Activités: Conférences

INTERVENTION DU SECRÉTAIRE GÉNÉRAL DU COPPEM, CARMELO MOTTA, DURANT LA CONFÉRENCE “ISTANBUL, PONT DE LA CULTURE EURO-MÉDITERRANÉENNE



Je suis heureux de pouvoir intervenir à cette occasion sur un thème aussi important: “le rôle d'Istanbul dans la Culture Euro-méditerranéenne”.
Je remercie, au nom du COPPEM, le Ministre de la Culture et toutes les autorités turques présentes.
Je remercie également tous les représentants des institutions européennes et arabes pour leur participation.
C'est dans cette même Salle de l'Université Aydin que j'ai eu l'occasion, il y a environ un an, de discuter avec les étudiantes et les étudiants lors d'une intéressante Assemblée, où la foule se pressait, sur le rapport Turquie-Union Européenne.
Je veux réitérer aujourd'hui ce que j'ai soutenu à l'époque.
J'entends faire un raisonnement le plus clair possible et j'espère y arriver.
Depuis longtemps, et je dirais même au lendemain de la décision de l'Union Européenne, sous la Présidence de Romano Prodi, d'ouvrir le “dossier” de l'entrée de la Turquie dans l'Union Européenne, le COPPEM a pris une position nettement favorable.
Je voudrais aborder les questions qui me semblent les plus importantes.
Pour l'histoire des peuples euro-méditerranéens le processus d'unification européenne ne pourrait se conclure sans la Turquie.
La particularité de la Turquie, dont le territoire s'étend en Europe et en Asie et d'être un Pays musulman, n'est en aucun cas un frein mais constitue au contraire un enrichissement politico-social et culturel pour l'Union Européenne.
La Turquie est un grand Pays et elle est en train d'avancer de façon graduelle sur le plan démocratique et sur celui économique et social.
Elle a fait partie de l'OTAN et elle s'est mesurée et se mesure toujours avec de grands enjeux sur le plan international.
La théorie des examens qui ne finissent jamais pratiqués par certains Pays européens avec de plus en plus de difficulté, pour repousser l'entrée de la Turquie dans l'Union Européenne, est très fragile et doit être rapidement surmontée si nous considérons les grands problèmes internationaux dont le principal est la nécessité de mettre fin aux conflits en cours dans différentes zones du monde.

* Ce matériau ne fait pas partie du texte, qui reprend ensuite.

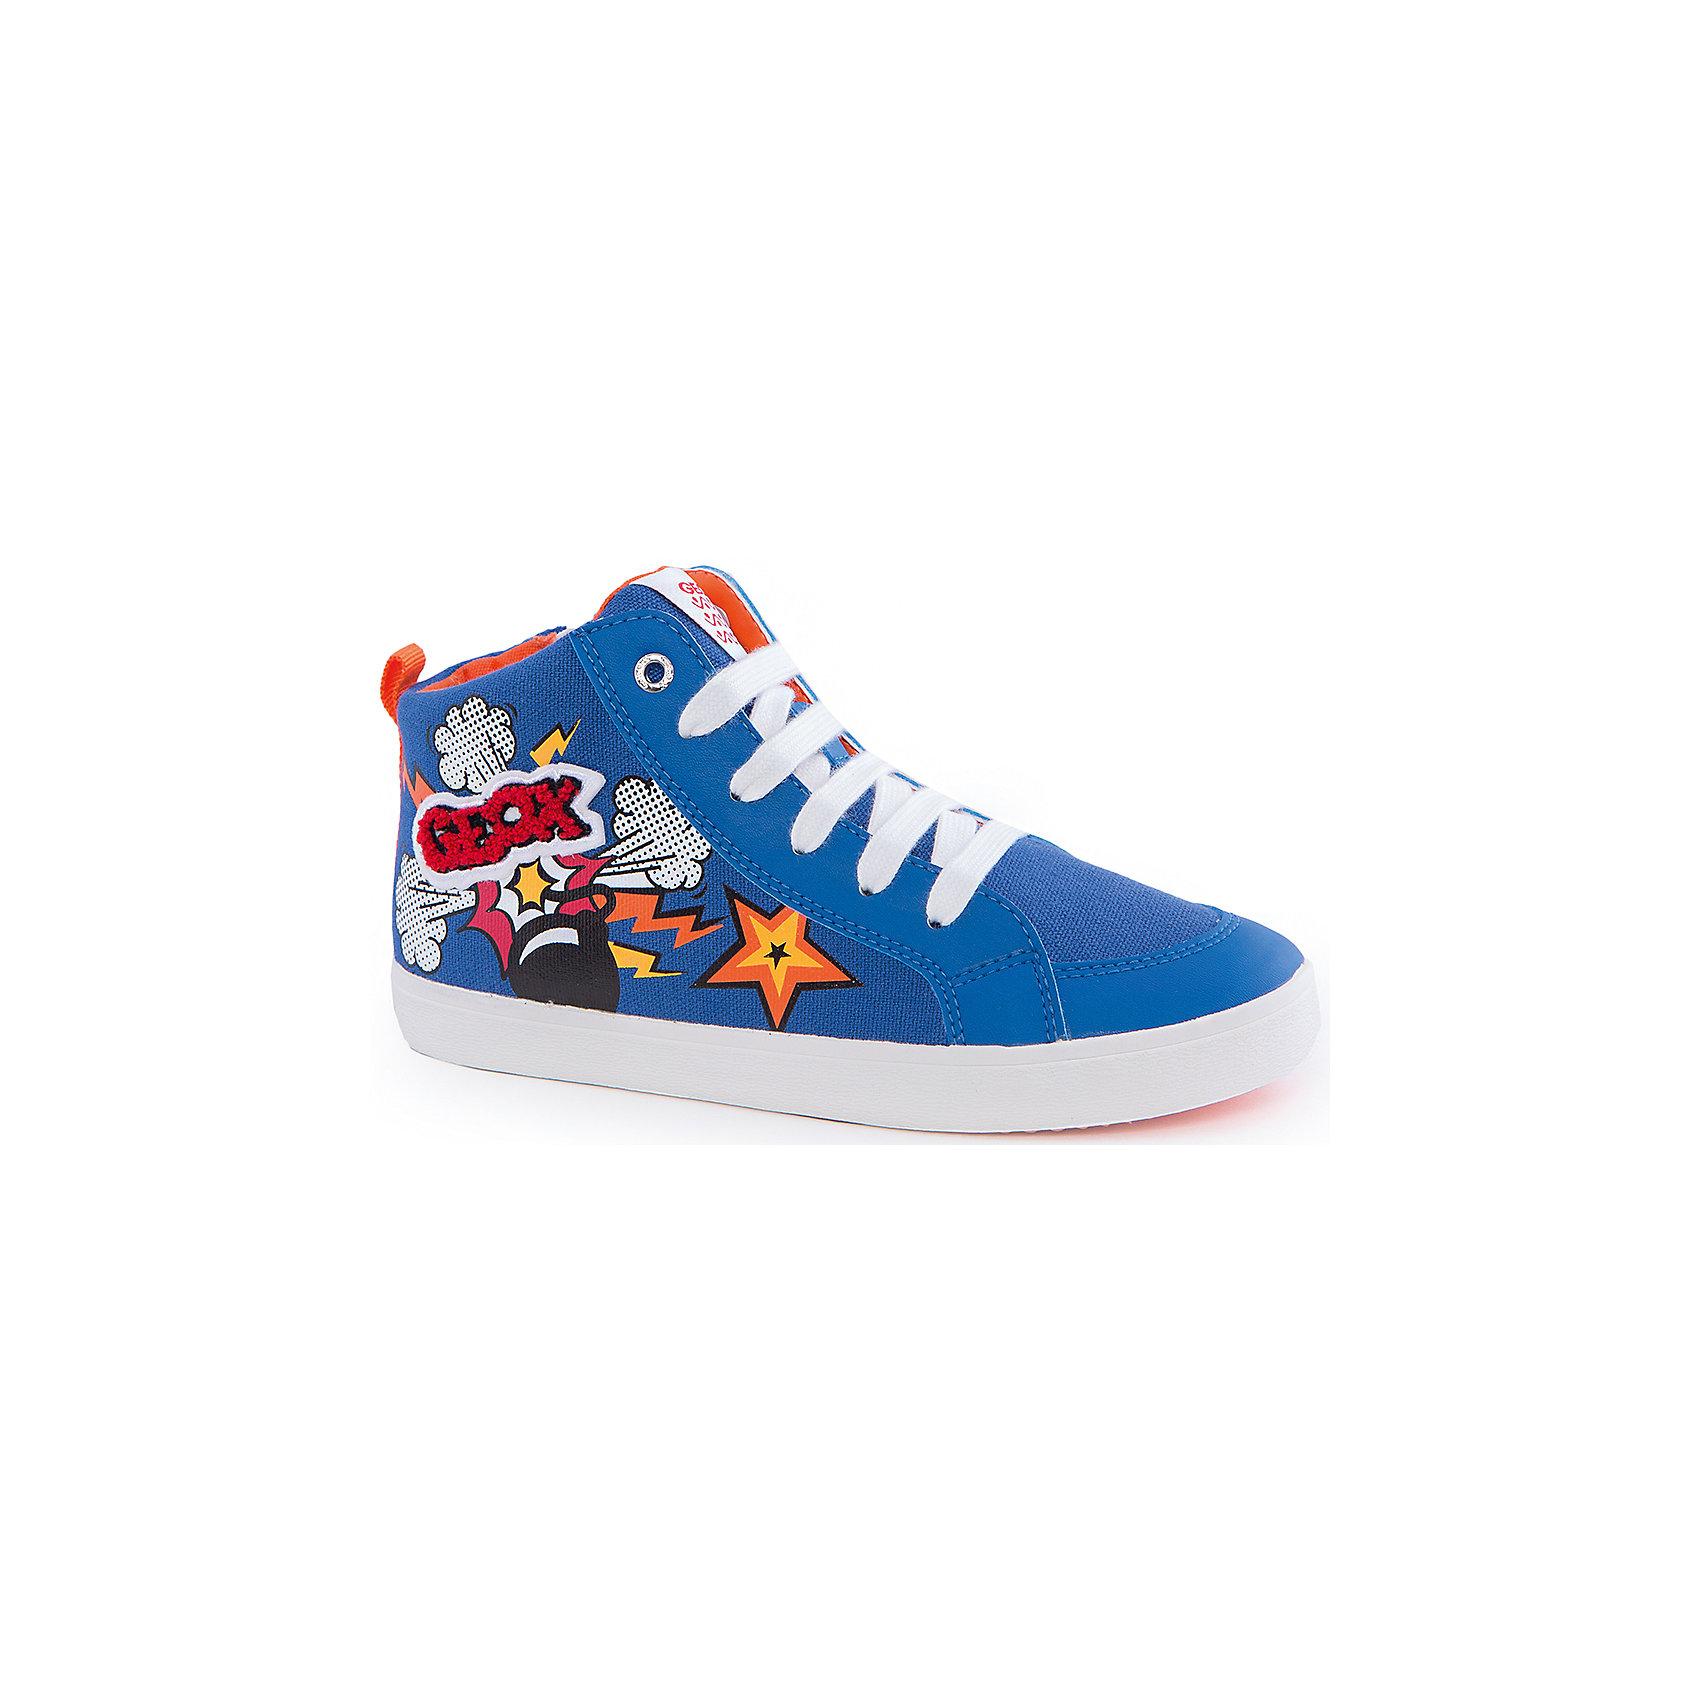 Кеды для мальчика GeoxКеды<br>Кеды для мальчика от популярной марки GEOX (Геокс).<br><br>Легкие синие Кеды - отличная выбор обуви для весны и лета! Модель очень стильно и оригинально смотрится.<br>Производитель обуви заботится не только о внешнем виде, но и стабильно высоком качестве продукции. GEOX (Геокс) разработал специальную дышащую подошву, которая не пропускает влагу внутрь, а также высокотехнологичную стельку.<br><br>Отличительные особенности модели:<br><br>- цвет: синий;<br>- декорированы ярким принтом и аппликацией;<br>- гибкая водоотталкивающая подошва с дышащей мембраной;<br>- мягкий и легкий верх;<br>- защита пальцев ;<br>- стильный дизайн;<br>- удобная шнуровка, молния;<br>- комфортное облегание;<br>- верх обуви и подкладка сделаны без использования хрома.<br><br>Дополнительная информация:<br><br>- Температурный режим: от +10° С до 25° С.<br><br>- Состав:<br><br>материал верха: текстиль, синтетический материал<br>материал подкладки: текстиль<br>подошва: 100% резина<br><br>Кеды для мальчика GEOX (Геокс) (Геокс) можно купить в нашем магазине.<br><br>Ширина мм: 250<br>Глубина мм: 150<br>Высота мм: 150<br>Вес г: 250<br>Цвет: синий<br>Возраст от месяцев: 156<br>Возраст до месяцев: 168<br>Пол: Мужской<br>Возраст: Детский<br>Размер: 37,36,35,34,33,31,30,29,32,28,38,39<br>SKU: 4519289

Il faut se rendre compte que le rôle de la Turquie est, et sera toujours, de plus en plus important surtout dans les zones qui sont proches de nous: le Moyen-Orient.

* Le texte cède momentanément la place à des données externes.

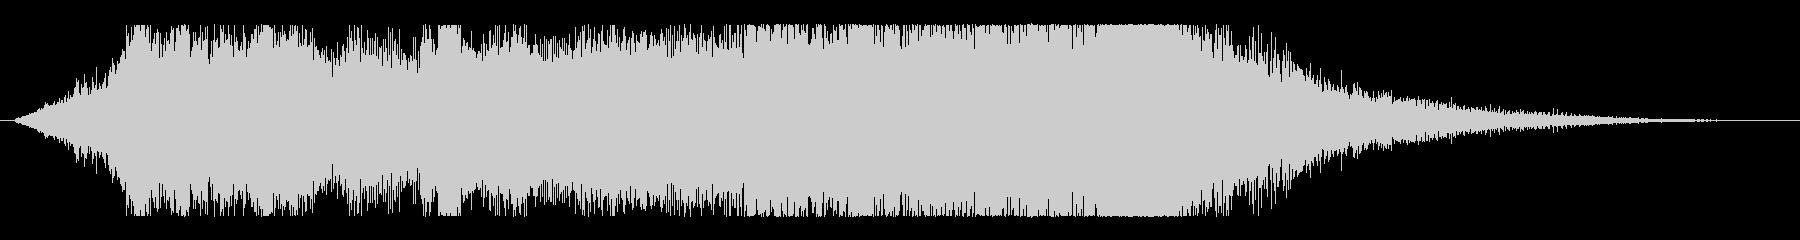 背筋が凍る恐怖のホラー・サスペンスロゴの未再生の波形

La Conférence qui a lieu aujourd'hui dans cette salle à laquelle participent des intellectuels et des représentants politiques se veut une contribution, avant tout de la Culture, pour que ne cessent les processus positifs d'agrégation, mais qu'ils soient au contraire valorisés, car aujourd'hui, plus que jamais, ce sont les intérêts généraux qui doivent prendre le dessus.
Le message qui doit être transmis aux jeunes qui nous écoutent dans cette salle universitaire est celui qui donne de l'espoir en l'avenir: celui du dialogue et de la paix.